Except, thought Decker, on an alien planet no occurrence, no accident or incident, can be regarded as a simple thing for which a simple explanation must necessarily be anticipated. For the matrix of cause and effect, the mathematics of chance may not hold true on an alien planet as they hold true on Earth.
There was one rule, Decker thought grimly. One rule: Take no chances. That was the one safe rule to follow, the only rule to follow.
Following it, he had ordered all field parties back to base, had ordered the crew to prepare the ship for emergency takeoff, had alerted the robots to be ready at an instant to get the machines aboard. Even to be prepared to desert the machines and leave without them if circumstances should dictate that this was necessary.
Having done that, there was no more to do but wait. Wait until the field parties came back from their advance camps. Wait until some reason could be assigned to the failure of the watches.
It was not a thing, he told himself, that should be allowed to panic one. It was something to recognize, not to disregard. It was a circumstance that made necessary a certain number of precautions, but it was not a situation that should make one lose all sense of proportion.
You could not go back to Earth and say, “Well, you see, our watches stopped and so . . .”
A footstep sounded and he swung around in his chair. It was Jackson.
“What is it, Jackson?” Decker asked.
“The camps aren’t answering, sir,” said Jackson. “The operator has been trying to raise them and there is no answer. Not a single peep.”

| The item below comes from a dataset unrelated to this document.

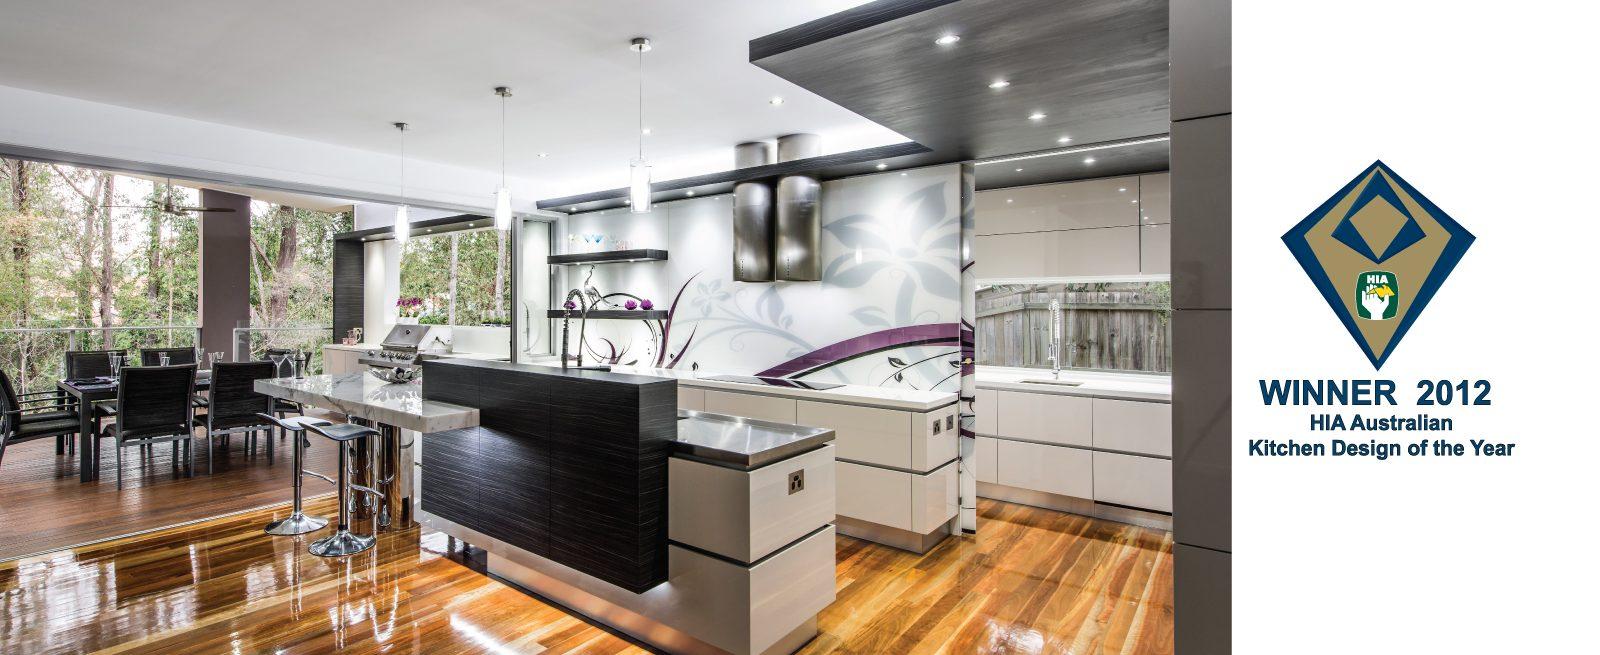 HIA Australian Kitchen Design of the Year -Kim Duffin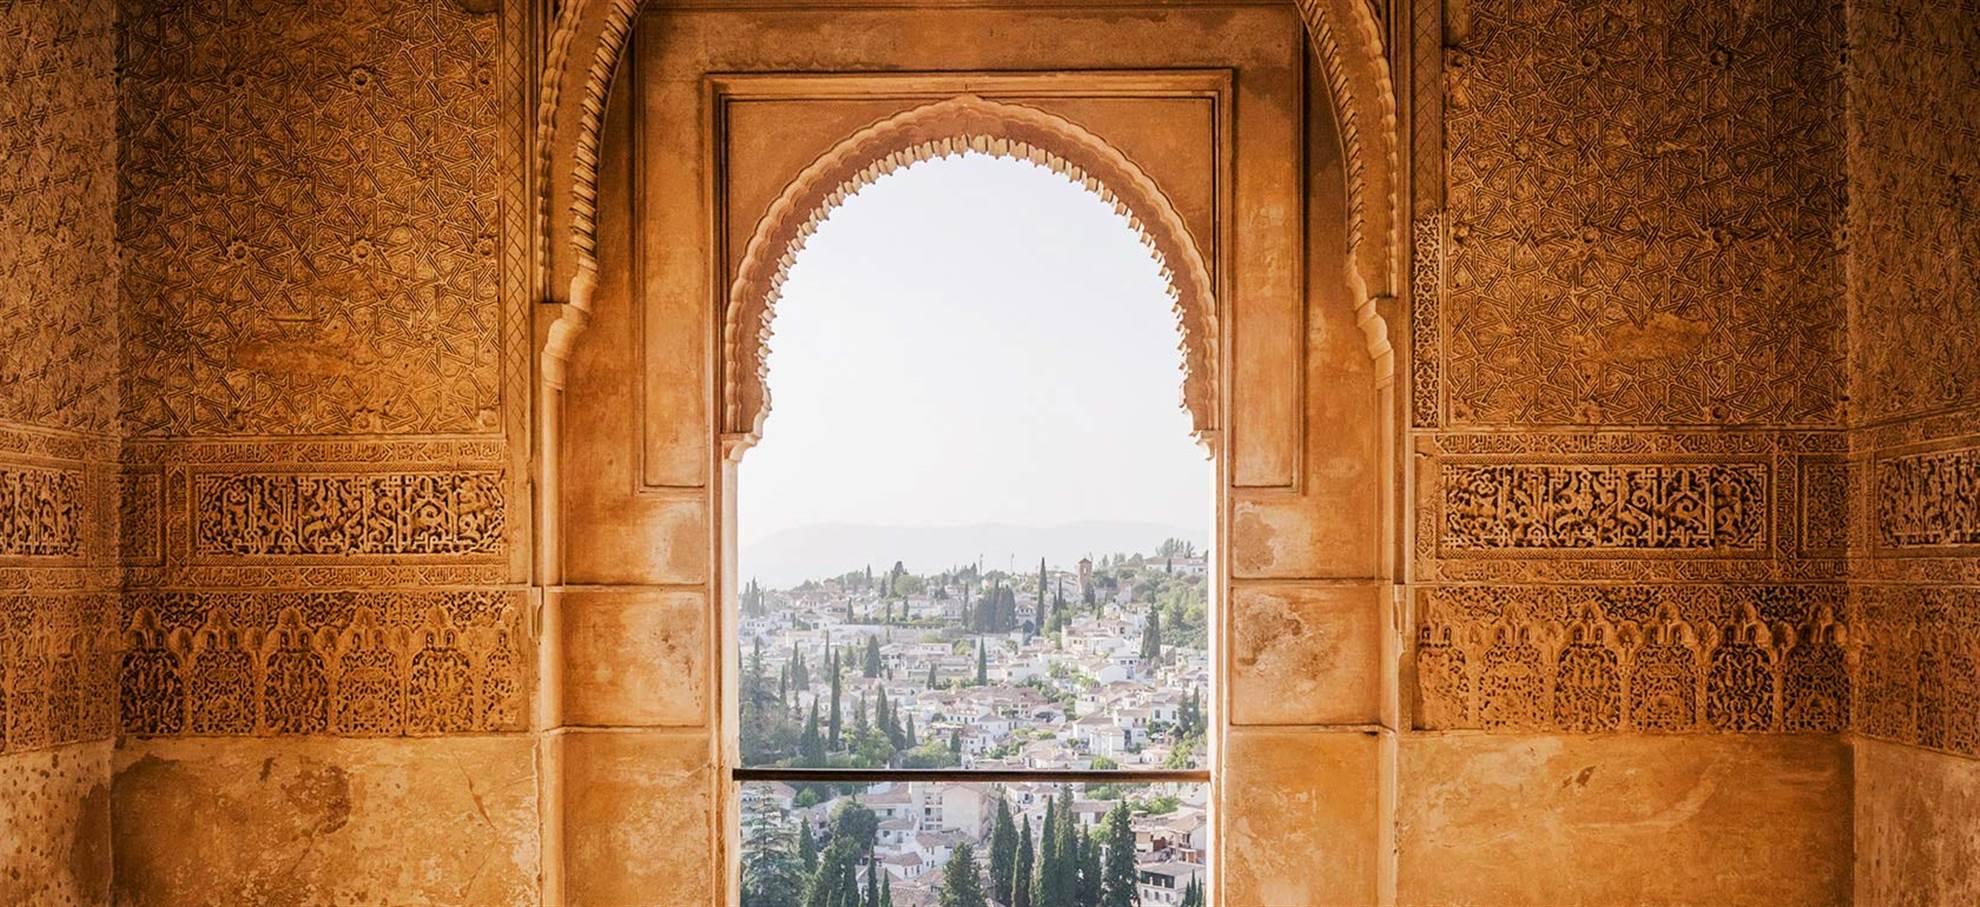 Alhambra Card - Ochtendbezoek (8.30 uur) - Fast Track!

Decker grunted. “Take it easy,” he said. “They will answer. Give them time.”
He wished, even as he spoke, that he could feel some of the assurance that he tried to put into his voice. For a second, a rising terror mounted in his throat and he choked it back.
“Sit down,” he said. “We’ll sit here and have a beer and then we’ll go down to the radio shack and see what’s doing.” He rapped on the table. “Beer,” he said. “Two beers.” The robot standing by the pavilion pole did not answer. He made his voice louder. The robot did not stir.